Выбрать главу

Первым говорил Ледницкий, сначала по-русски, потом по-польски. Между прочим, эта была единственная польская речь, все остальные, даже с польской стороны, говорили по-русски. Ледницкий, по-видимому, хотел на первом же заседании подчеркнуть равноправие языков польского и русского, имевшееся в самом уставе комиссии, но, как оказалось, на практике совсем не соблюдавшееся, так как все поляки отлично говорили по-русски, а русские не знали польского. В своей речи Ледницкий не столько говорил о задачах комиссии, сколько о значении Февральской революции, давшей возможность установить «братские отношения» между русским и польским народами, проникнутые духом «славянской солидарности» перед лицом «общего врага», борьба с которым далеко не закончена. Говоря о «независимости» Польши, Ледницкий тут же в самой недвусмысленной форме сказал, что «внешний оборонительный союз» России и Польши есть единственное условие международного существования Польши.

Вся речь Ледницкого, витиеватая по форме, по содержанию не представляла ни малейшего расхождения с программой Временного правительства, но чувствовалось, что Ледницкий не столько хочет уверить Временное правительство в дружеском и лояльном отношении собравшихся поляков к воззванию 15 марта, сколько через головы присутствовавших убедить зарубежных поляков в разумности и выгодности этого воззвания для поляков. Думаю, судя по выражению лиц всех польских делегатов — и барона Роппа, и Цепляка, и Грабского, и Шебеко, с нескрываемым любопытством рассматривавших гобелены Зимнего дворца, — им трудно было так сразу освоиться с тем фантастическим по сравнению с недалёким прошлым положением, в котором они очутились. Сама польская речь Ледницкого производила в залах Зимнего дворца не менее непривычное впечатление.

После Ледницкого говорил князь Львов. Как и Ледницкий, он свою речь не говорил, а зачитывал. В этой речи давалось краткое изложение отношения русского общества к полякам в царское время и торжественно провозглашалась «новая эра». Говорил князь Львов и о необходимости покончить русско-польские споры «славянским союзом», и при этом в духе «всеславянского единения». Этот несколько неожиданный намёк и на других западных славян был отмечен бурными аплодисментами собрания. Любопытно, что князь говорил о бесповоротности принятого Временным правительством решения, и, в то время как все внутриполитические вопросы, собственно, откладывались до Учредительного собрания, польский вопрос решался Временным правительством окончательным образом.

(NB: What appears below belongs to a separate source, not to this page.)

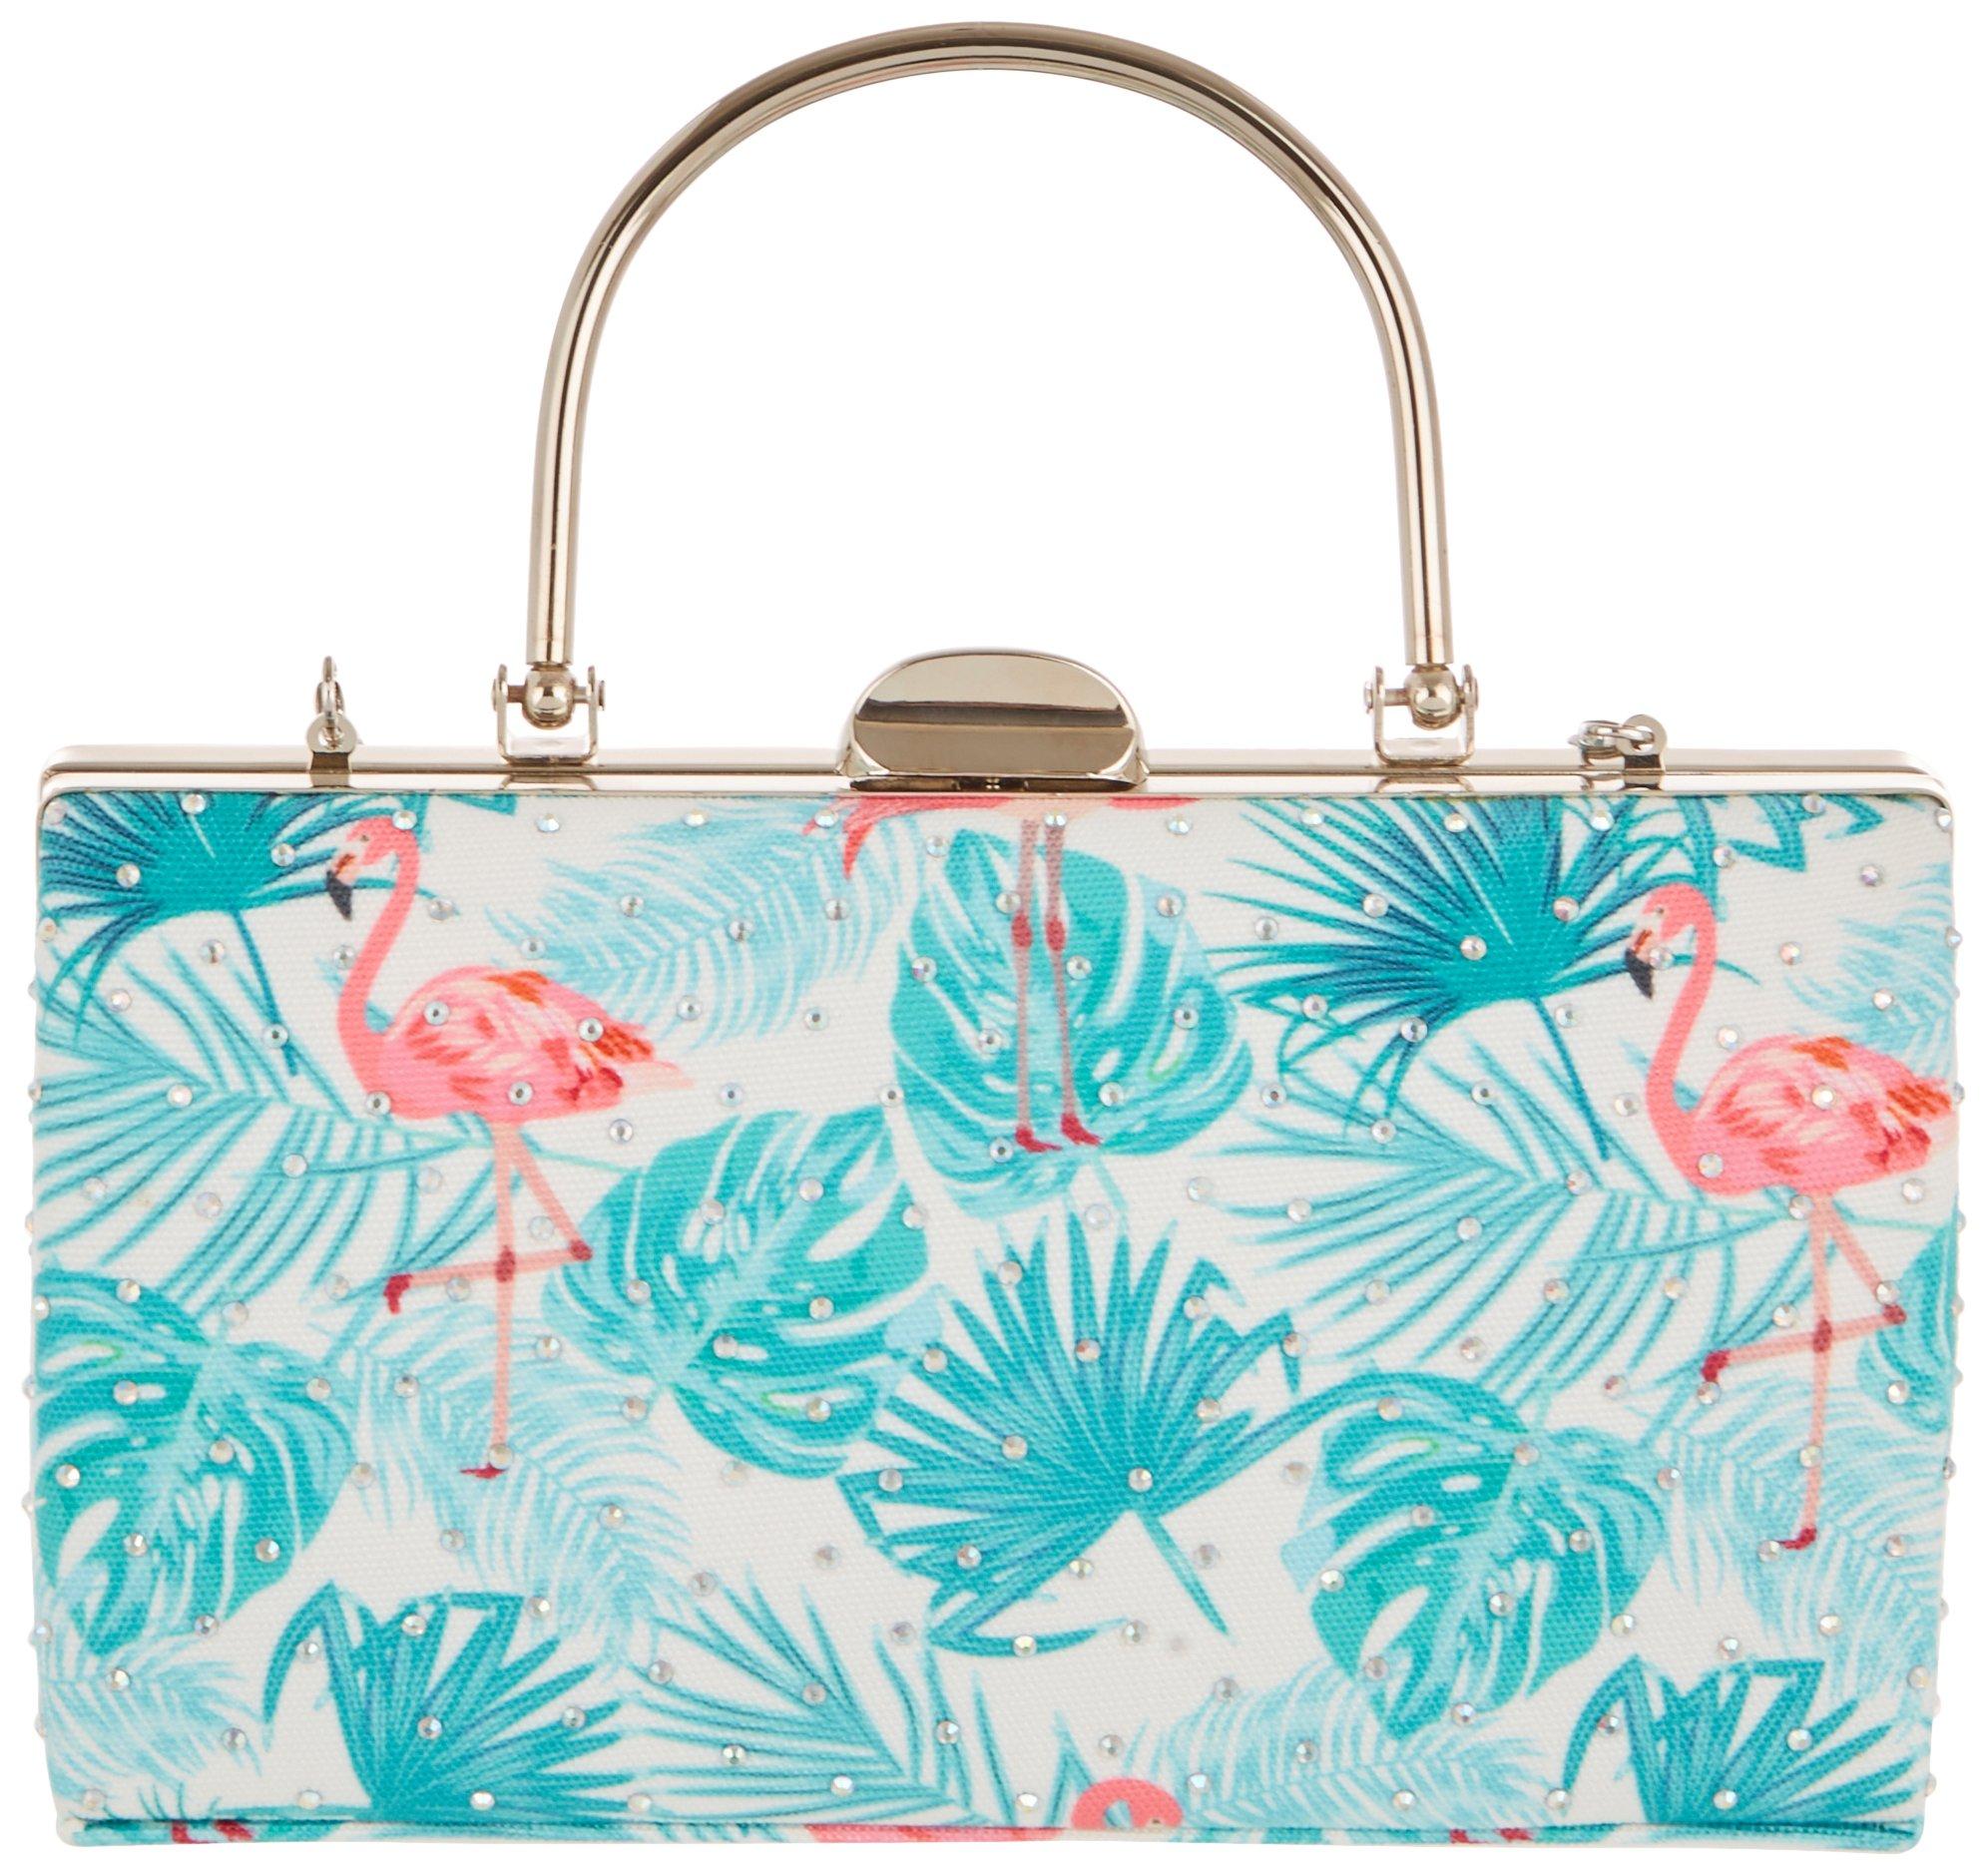 D'Margeaux Flamingo Print Crystal Front Crossbody Clutch

Будущее Учредительное собрание должно было только дать санкцию «этнографическому» размежеванию Польши и России, сам же факт независимости Польши не подлежал пересмотру со стороны этого собрания.

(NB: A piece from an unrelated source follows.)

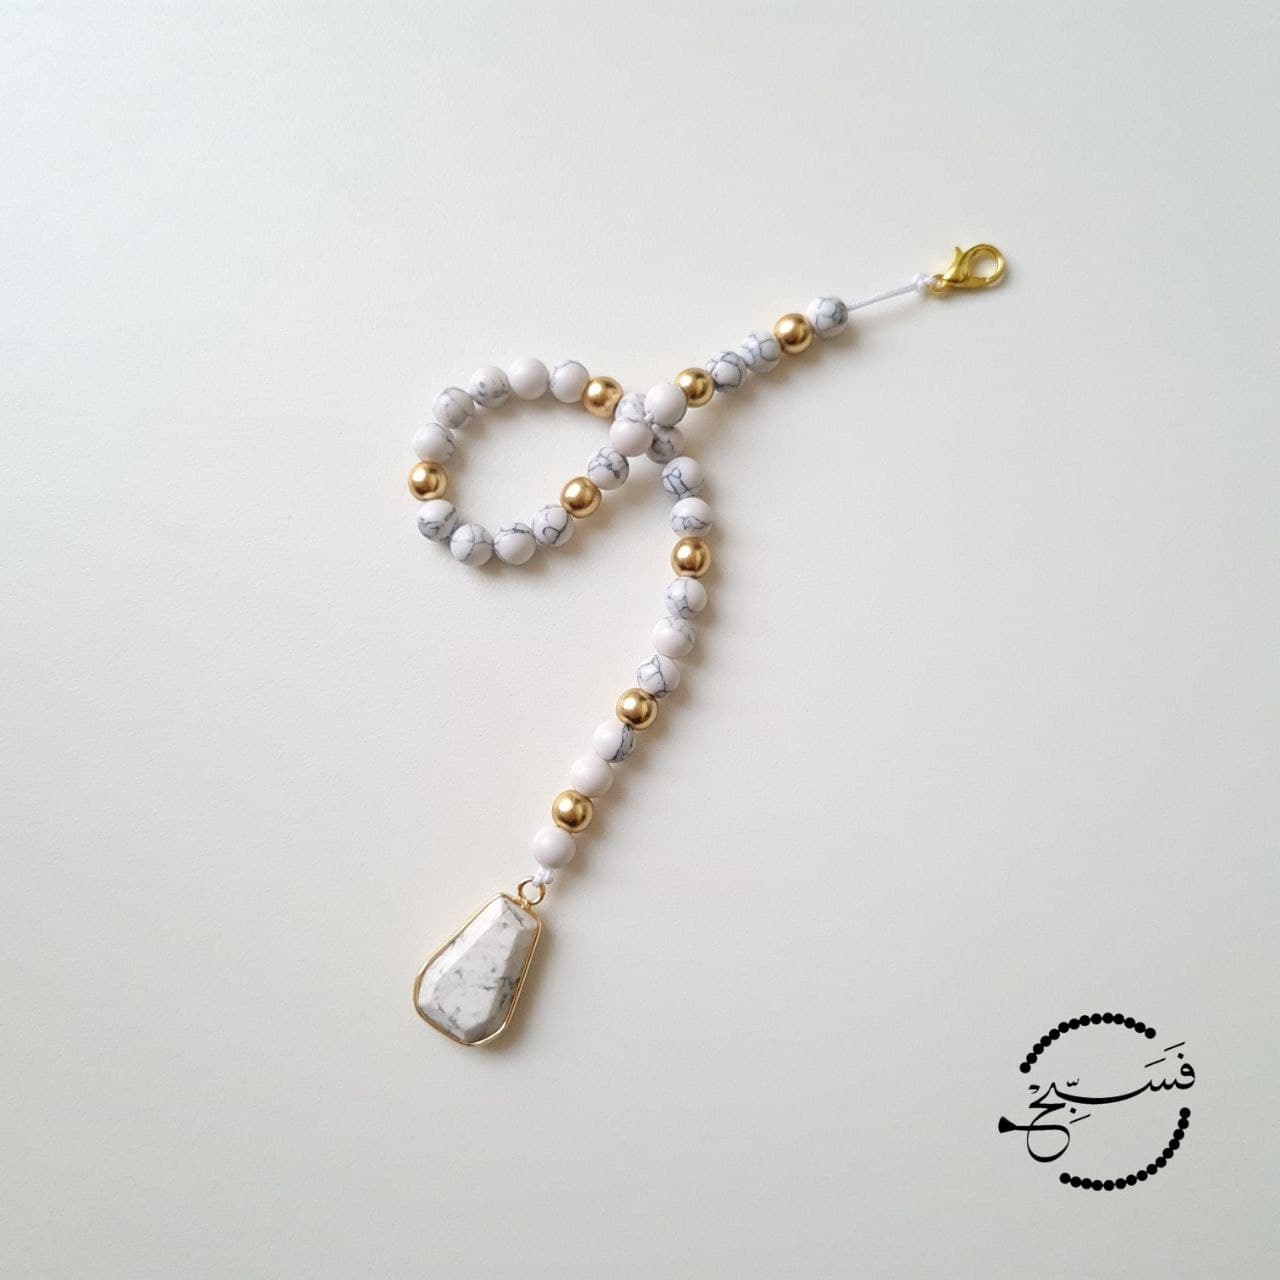 Stunning white howlite & matte gold beads paired with a white howlite pendant.   33 bead tasbih that can be clipped onto your bag.   Packaged in a luxurious pouch and a gift box.

Для объяснения такой решительности Временного правительства надо вникнуть в объективное внешнеполитическое положение России, не позволявшее по такому неотложному вопросу, как польский, никаких дальнейших уловок и оттяжек. Это существенное решение говорило и о том, что Временное правительство могло действовать без оглядки на Учредительное собрание, когда это было необходимо. Закончил свою речь князь Львов призывом к борьбе «за нашу и вашу свободу». После него горячо и вдохновенно говорил Ф.И. Родичев, вспоминая недалёкое прошлое, когда русские революционеры вместе с польскими научились в совместной борьбе любить и понимать друг друга, говорил о русской литературе и Герцене, настроенных «полонофильски», и об общих славянских истоках Мицкевича и Пушкина, и о «славянской миссии России».

После этого уже выступали поляки — Шебеко, Грабский, князь Святополк-Четвертинский. Тон их речей был самый сердечный, и видно было, что обе стороны не только стремились избежать неуместных напоминаний о недавнем русско-польском прошлом, но и действительно самым искренним образом стремились установить поистине «новое» в таком больном вопросе. Чувствовалась в этой торжественной обстановке и любовь поляков к внешнему блеску, так что Нольде, бывший одним из авторов воззвания 15 марта, так же как и воззвания Николая Николаевича в 1914 г., выходя из Зимнего дворца, сказал мне, что не надо было полякам никакой независимости давать, а достаточно было дать им «уланский польский полк» и прочие военные и штатские национальные мундиры.